Provided material section start

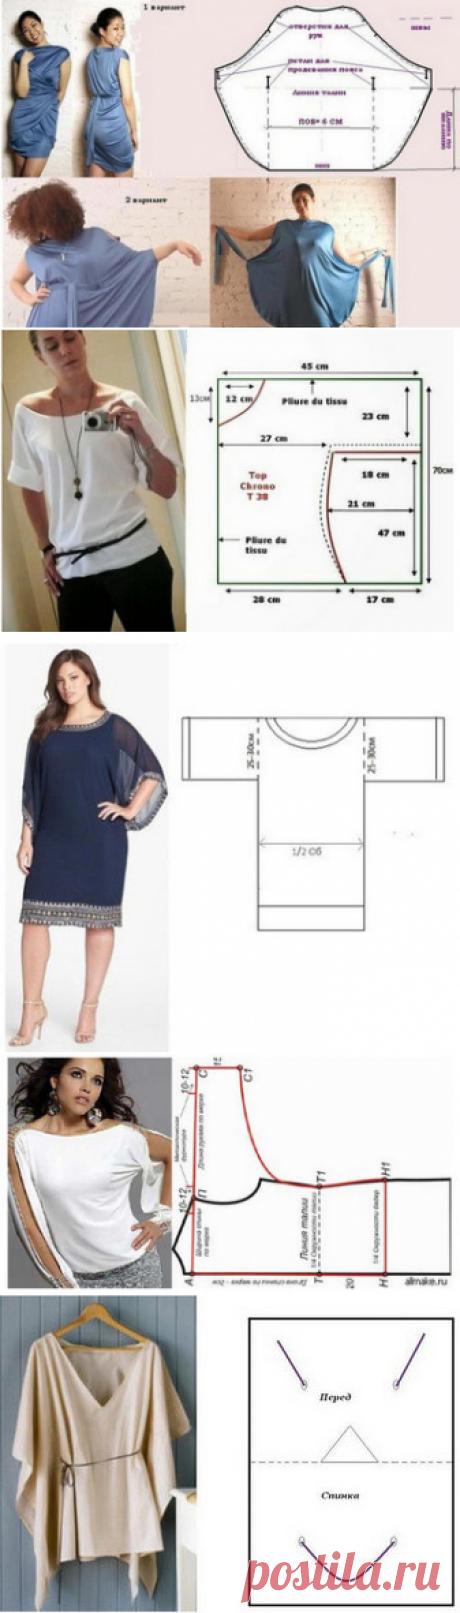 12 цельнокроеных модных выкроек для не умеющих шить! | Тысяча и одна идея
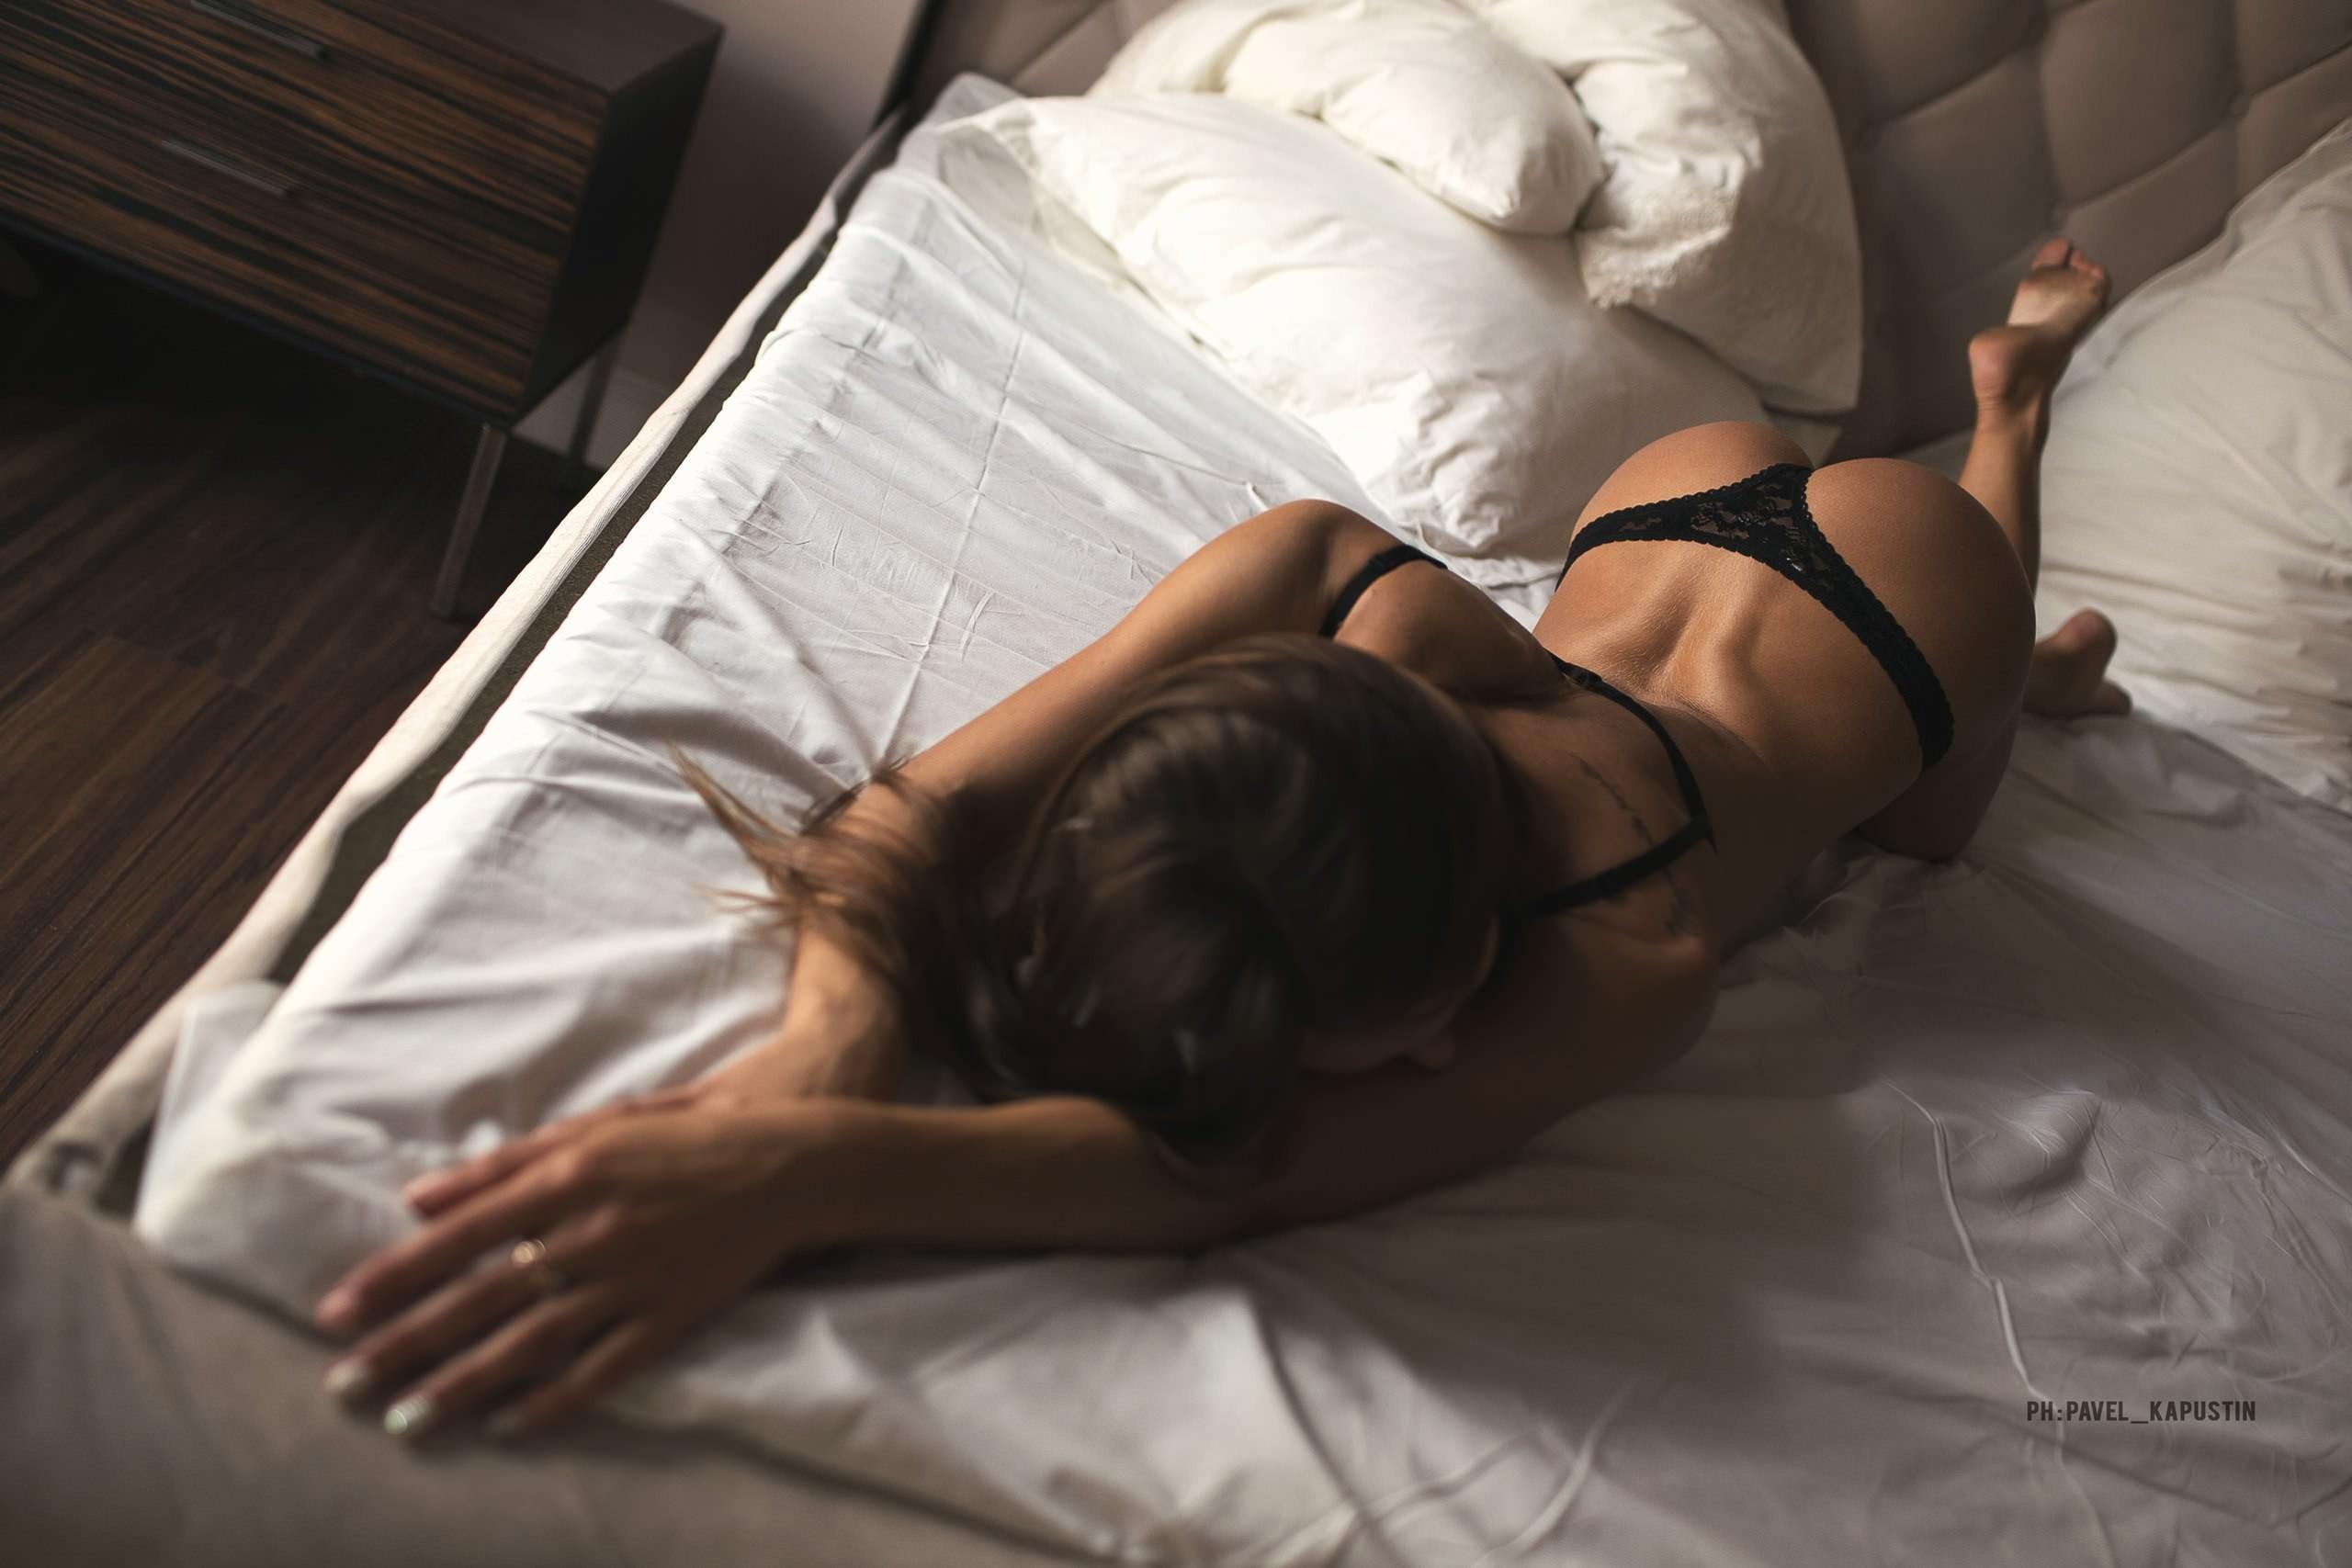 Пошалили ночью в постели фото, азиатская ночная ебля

Provided material section end
Provided material section start

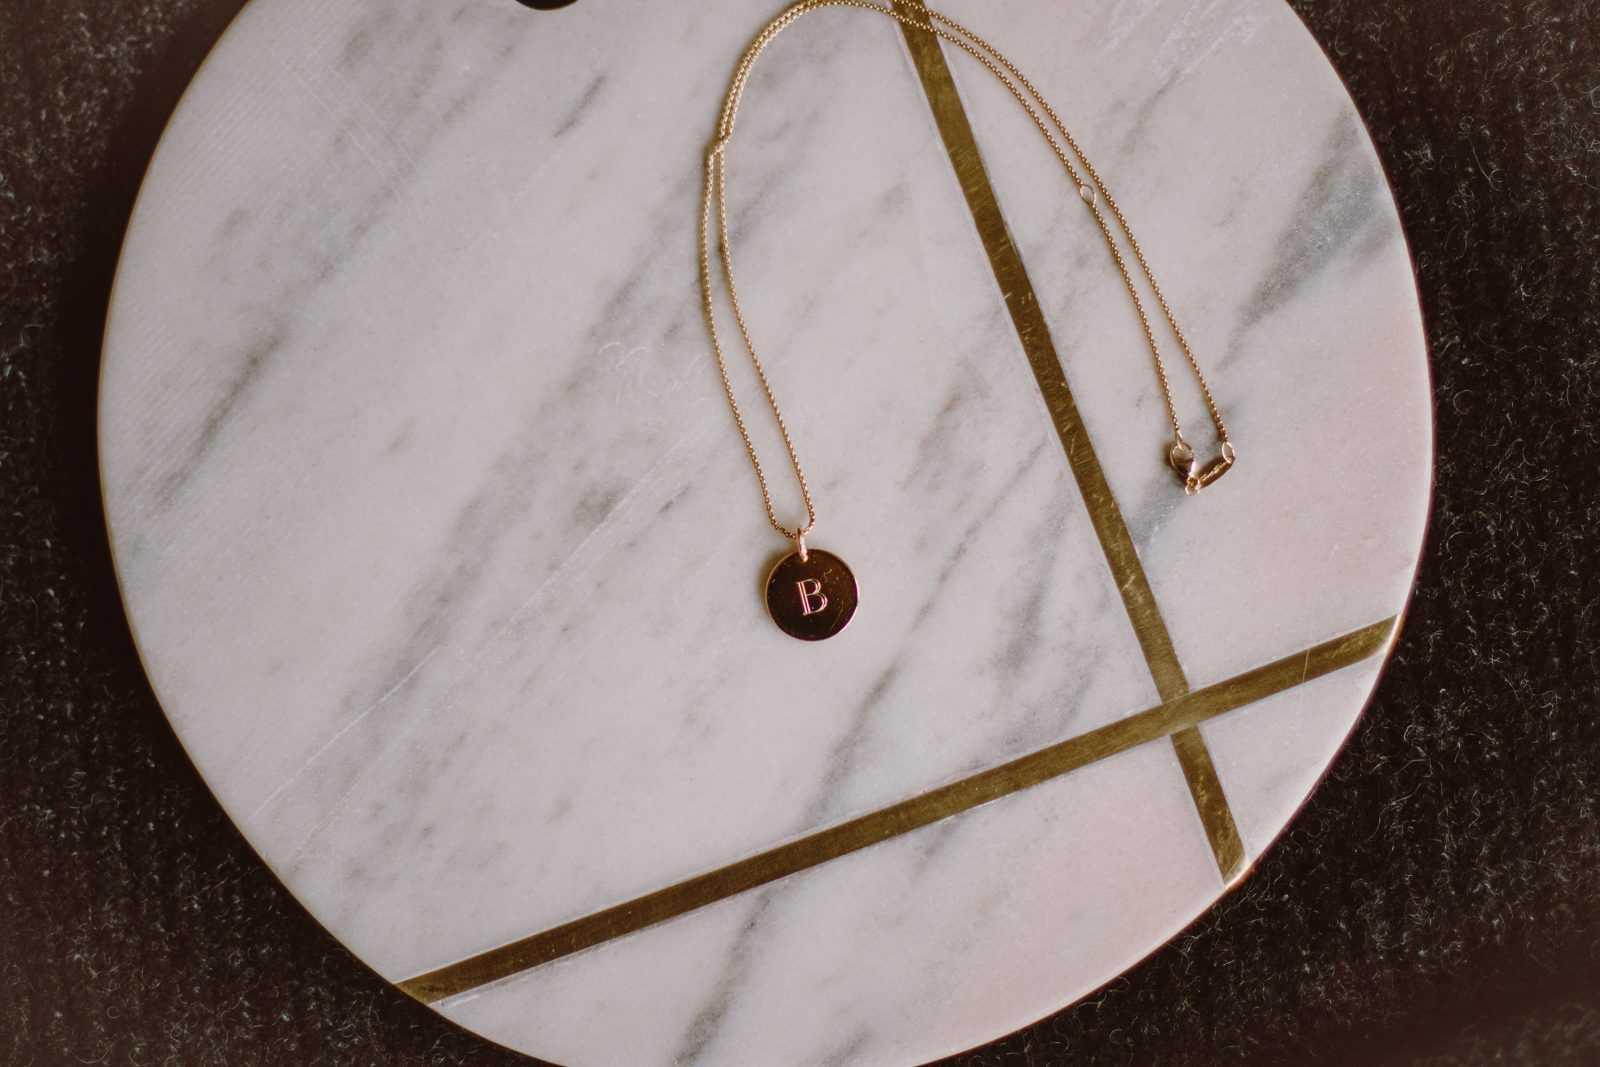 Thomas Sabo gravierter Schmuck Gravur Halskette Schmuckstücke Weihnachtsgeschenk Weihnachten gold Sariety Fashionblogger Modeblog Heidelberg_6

Provided material section end

(Work required) Look above and copy only the lines from the one holding "12 цельнокроеных модных" to the one holding "Пошалили ночью в", both included, exactly, minus the pictures.

(Response area)
 12 цельнокроеных модных выкроек для не умеющих шить! | Тысяча и одна идея
 Пошалили ночью в постели фото, азиатская ночная ебля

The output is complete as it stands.